Contactado pela AFP, o Departamento de Segurança Interna (DHS, na sigla em inglês) não fez comentários de imediato.
Especializado em temas migratórios, Guevara, ganhador de um prêmio Emmy por suas coberturas em 2023, chegou em 2004 aos Estados Unidos com um visto temporário.
Posteriormente, tentou regularizar sua situação, mas não havia conseguido até o momento de sua detenção, segundo documentos judiciais.
De acordo com Katherine Jacobsen, representante do CPJ, "não se trata simplesmente de seu status migratório", mas de "represálias por seu trabalho jornalístico".

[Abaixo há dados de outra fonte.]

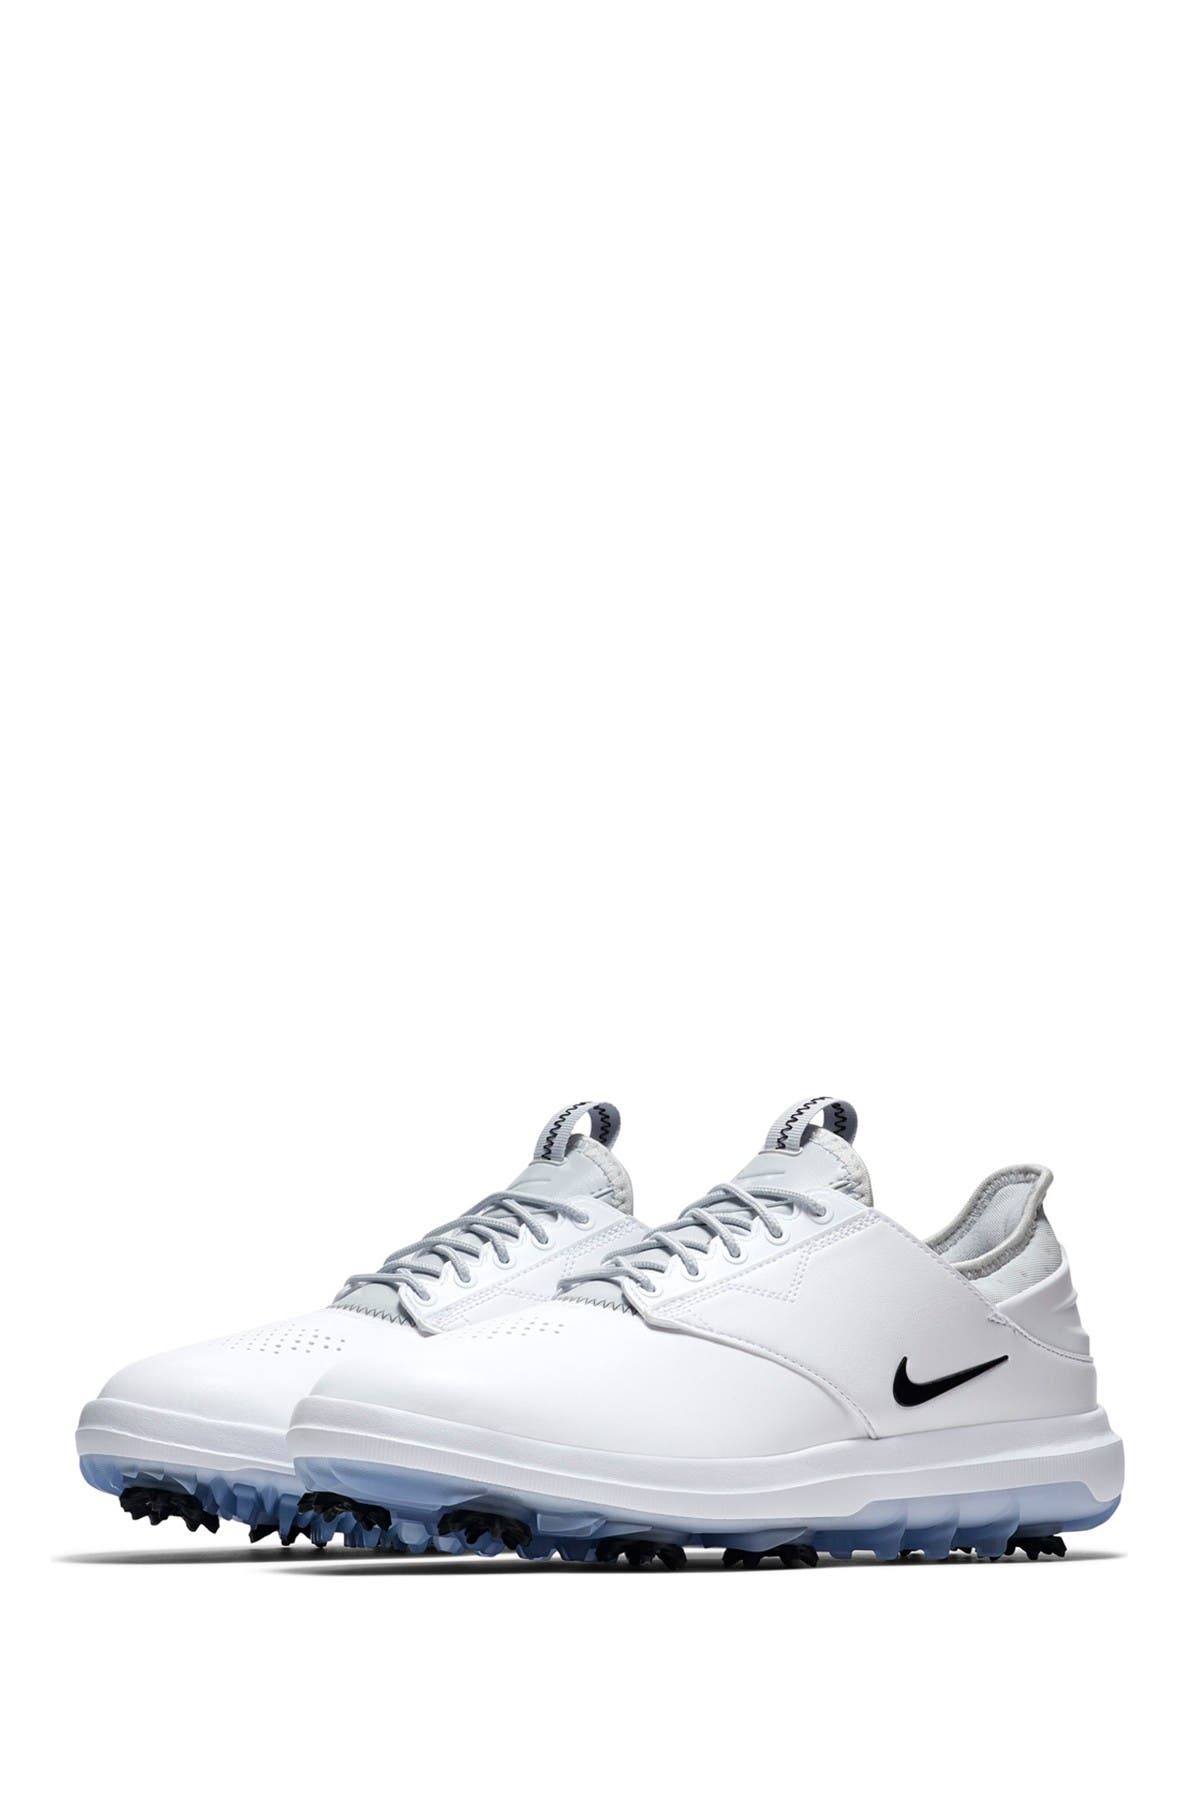 nike zoom direct golf shoes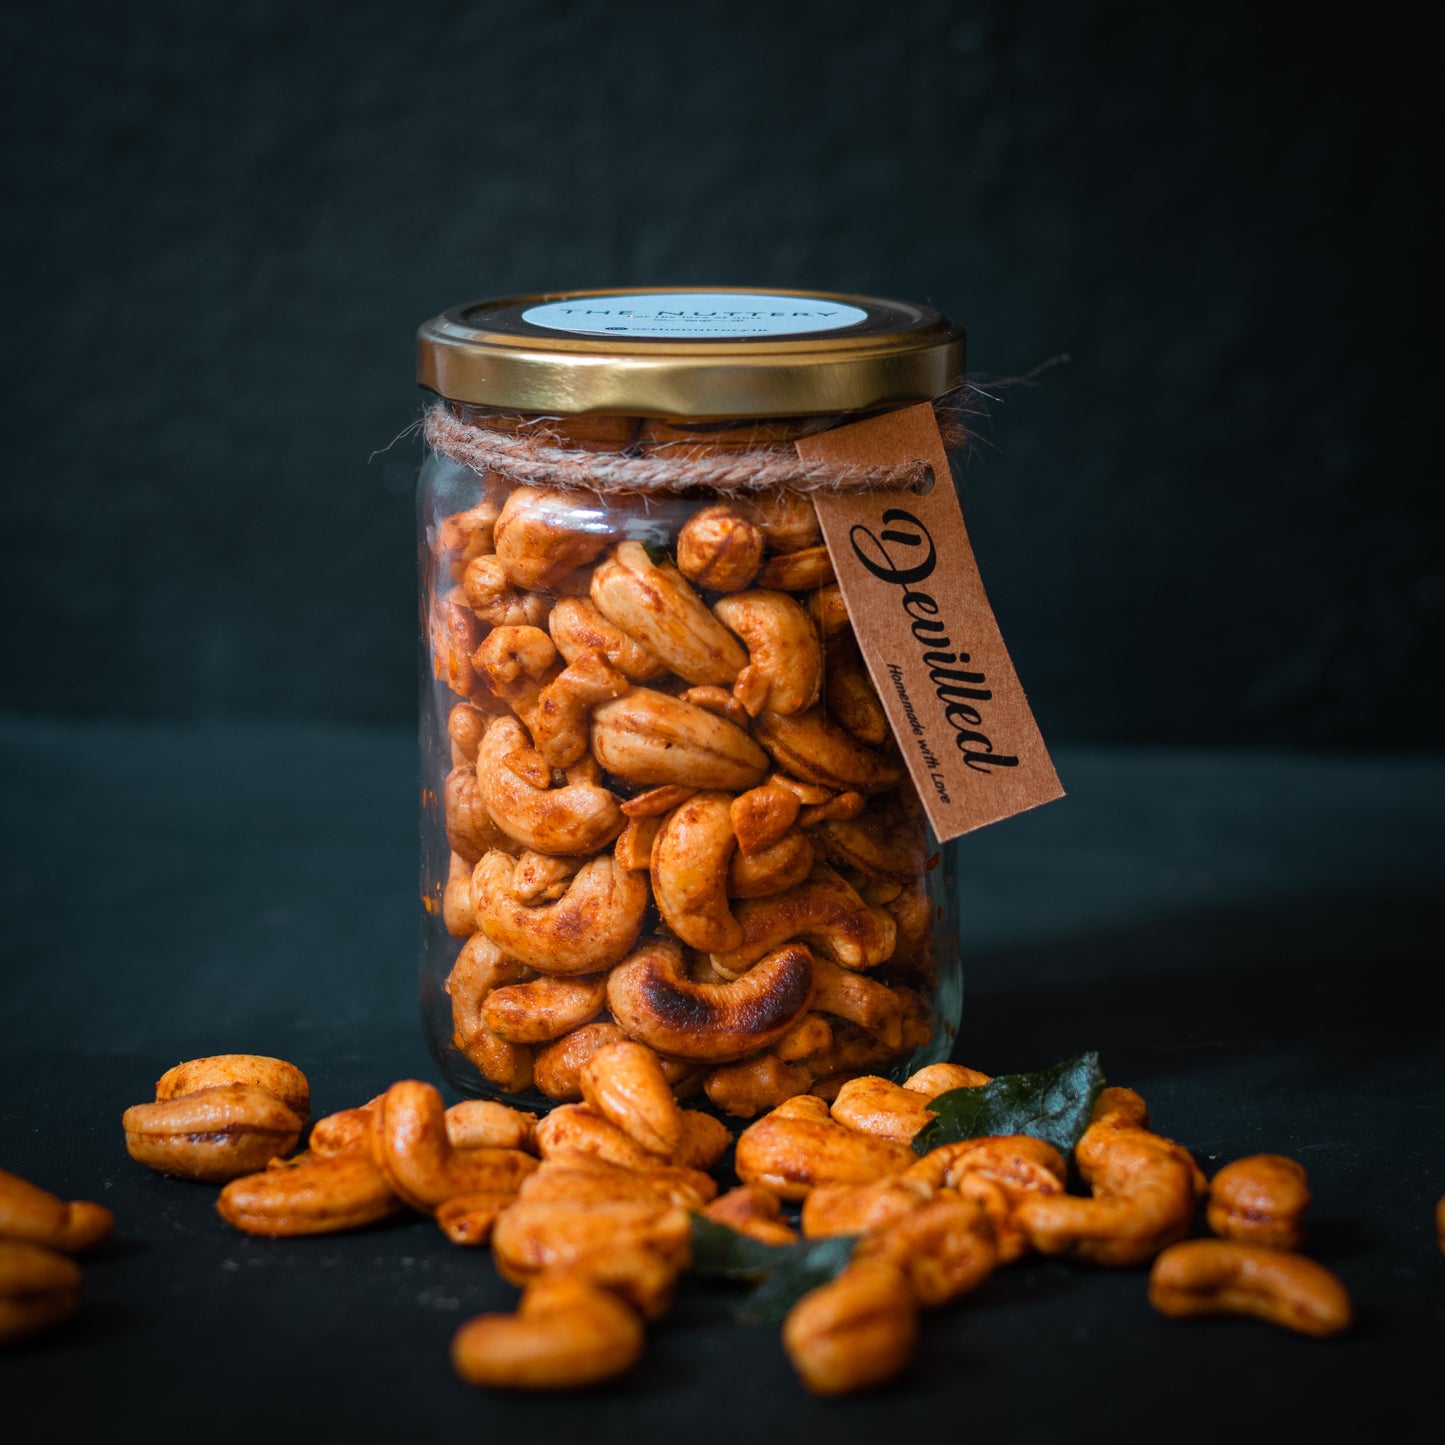 Devilled Cashews - The Nuttery

Esta medida representa "um sinal preocupante da deterioração da liberdade de imprensa sob a administração Trump", comentou.
As autoridades detiveram Guevara perto de Atlanta em 14 de junho enquanto ele cobria as manifestações "No Kings" (Sem reis), a maior mobilização popular desde a volta de Trump à Casa Branca, em janeiro.
Segundo imagens transmitidas ao vivo em seu canal no Facebook, o jornalista usava colete à prova de balas com a inscrição "Imprensa" e capacete de proteção.
Inicialmente, ele foi acusado de delitos menores relacionados com seu trabalho (reunião ilegal, obstrução, presença de pedestre na via pública, etc).
Estas acusações foram retiradas posteriormente, segundo documentos judiciais.